Les effets dévastateurs des produits du tabac sur les droits humains et l’environnement

En produisant, commercialisant et vendant un produit mortel, l’industrie du tabac, par son activité même, va à l’encontre des droits les plus élémentaires des êtres humains. Outre le droit fondamental à la vie et le droit à la santé, les produits du tabac portent gravement atteinte aux droits des enfants[3].  Ces atteintes concernent également leur protection contre le travail forcé dans la production du tabac. Le travail des enfants dans la culture du tabac a ainsi été défini comme l’une des pires formes de travail des enfants en raison de ses effets néfastes sur leur santé physique et mentale[4]. A cela s’ajoutent les pratiques avérées et répétées de désinformation de la part des fabricants de tabac, en particulier dans le cadre de leurs opérations de marketing. Les fabricants de tabac par leurs activités portent également atteinte aux droits des femmes[5] et droits de populations vulnérables, telles que la communauté LGBT, les minorités raciales et les populations autochtones, ciblées par les industriels du tabac de manière plus spécifique et qui paient un lourd tribut parmi les victimes du tabagisme.

L’impact environnemental des activités de l’industrie du tabac a été plus particulièrement étudié dans une étude récente de l’OMS[6]. Chaque étape de la chaîne d’approvisionnement du tabac nécessite des ressources considérables et entraîne la production de déchets et d’émissions de CO2. Environ 4,5 billions de cigarettes sont jetées chaque année dans le monde, ce qui représente 80 millions de kg de déchets de tabac. Les mégots de cigarettes, particulièrement toxiques, représentent le déchet le plus répandu sur terre[7]. Ils polluent les eaux souterraines et ils imprègnent les sols de produits chimiques. L’empreinte écologique du tabac est comparable à celle de pays entiers. À l’échelle mondiale, la chaîne d’approvisionnement du tabac contribue à environ 84 Mt d’équivalent CO2 en émissions. Ceci correspond à l’empreinte carbone cumulée du Danemark, du Luxembourg, de la Lettonie et de Lituanie[8].

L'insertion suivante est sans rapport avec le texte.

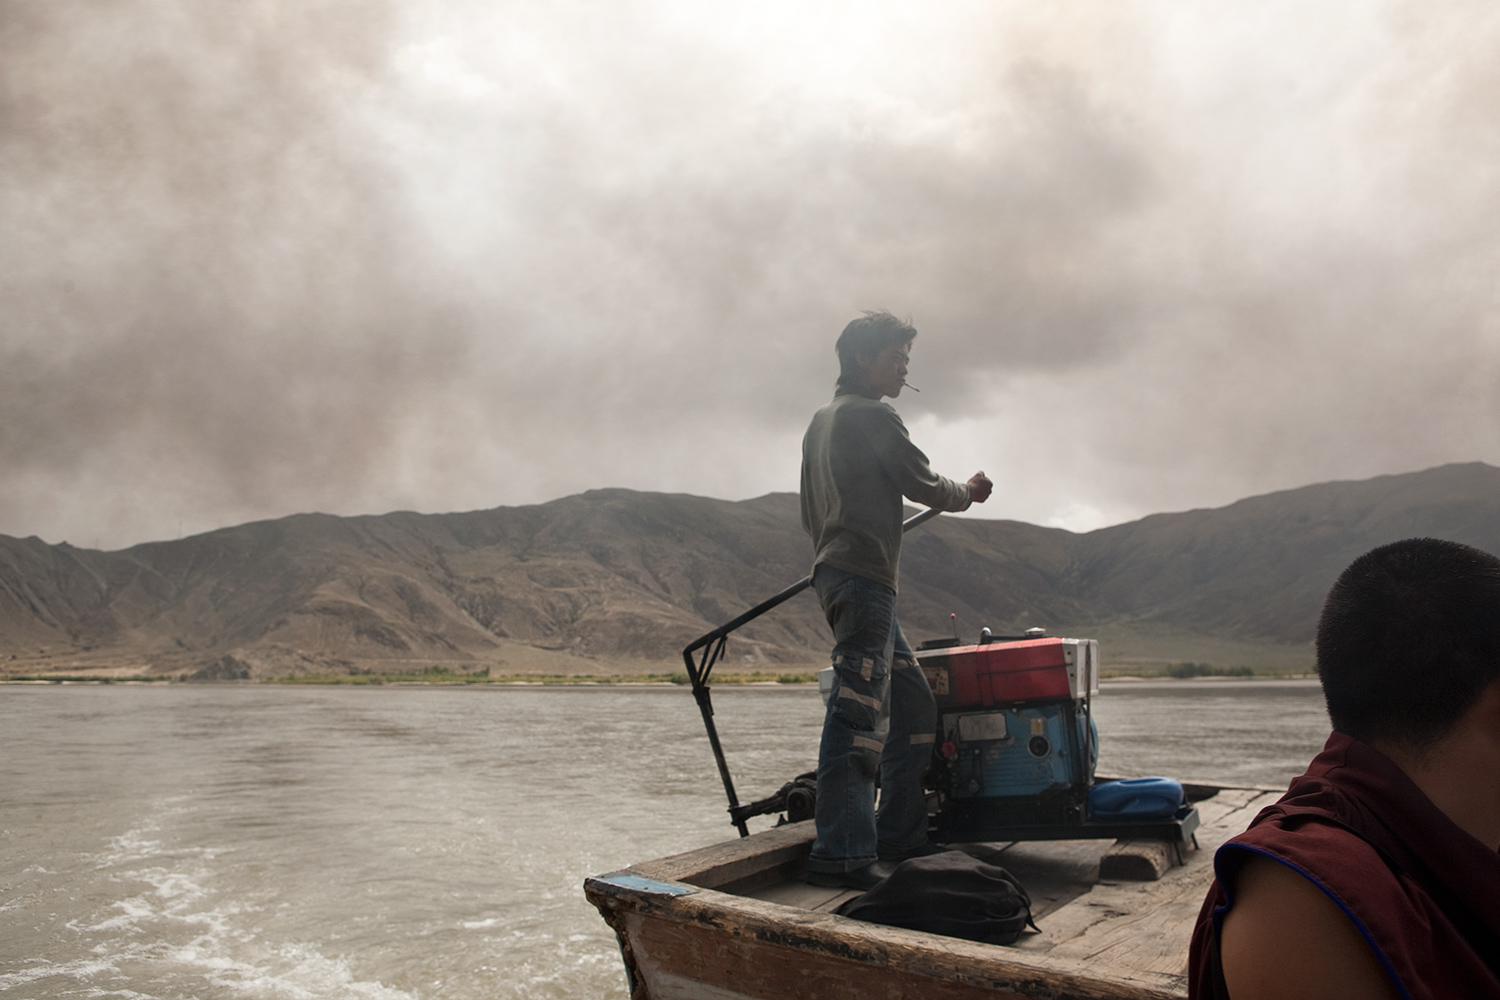  A man navigates a ferry across the Yarlung Tsangpo river for pilgrims traveling to Samye monastery, the oldest monastery in Tibet.

Les efforts de la société civile dans la protection des droits humains à l’égard du tabac

Les acteurs de la lutte antitabac, dès les négociations du traité de la CCLAT au début des années 2000, se sont engagés pour aborder la lutte contre le tabagisme dans une perspective de défense des droits humains. En 2017, alors que le fabricant Philip Morris avais saisi l’Institut Danois des Droits humains, ce dernier a conclu suite à son évaluation de l’activité de l’entreprise que : « Il ne fait aucun doute que la production et la commercialisation du tabac sont inconciliables avec le droit humain à la santé »[9]. En d’autres termes, si le fabricant Philip Morris veut se mettre en conformité avec le respect des droits humains, l’entreprise se doit de cesser son activité. En 2018, la Conférence mondiale sur le tabac ou la santé (WCTOH) a adopté la déclaration de Cap Town sur les droits humains et un monde sans tabac, soutenue par 165 organisations. Cette déclaration a été officiellement soumise au Haut-Commissariat aux droits humains. Des déclarations similaires ont été adoptées par la société civile lors de conférences à Madrid et Bucarest[10].

Début 2020, une alliance de 10 organisations de la société civile a soumis le rapport « Lutte antitabac en Allemagne : non-protection du droit à la santé et des droits des femmes dans les chaînes d’approvisionnement »[11] au Comité des Nations Unies pour l’élimination de la discrimination à l’égard des femmes (CEDAW). Ce rapport a permis les institutions de défense des droits humains d’interroger le gouvernement allemand sur sa législation et les dispositions requises pour tenir les entreprises responsables des violations des droits des femmes dans leurs opérations à l’étranger.

La société civile alerte sur les risques d’instrumentalisation des activités dites « socialement responsables » de l’industrie du tabac

La responsabilité sociale des entreprises (RSE) est un élément essentiel des obligations élémentaires des entreprises car ces dernières doivent s’assurer que leurs fournisseurs respectent également tous les engagements en matière de RSE. Les sociétés de tabac utilisent les attentes du public, croissantes dans ce domaine, et ont inclus la RSE et le discours du développement durable dans leurs stratégies d’entreprise[12]. De plus, toutes les grandes multinationales du tabac financent la Fondation pour l’élimination du travail des enfants dans la culture du tabac, qui vise à réduire la pauvreté, à libérer les enfants du travail des enfants et à soutenir leur éducation[13].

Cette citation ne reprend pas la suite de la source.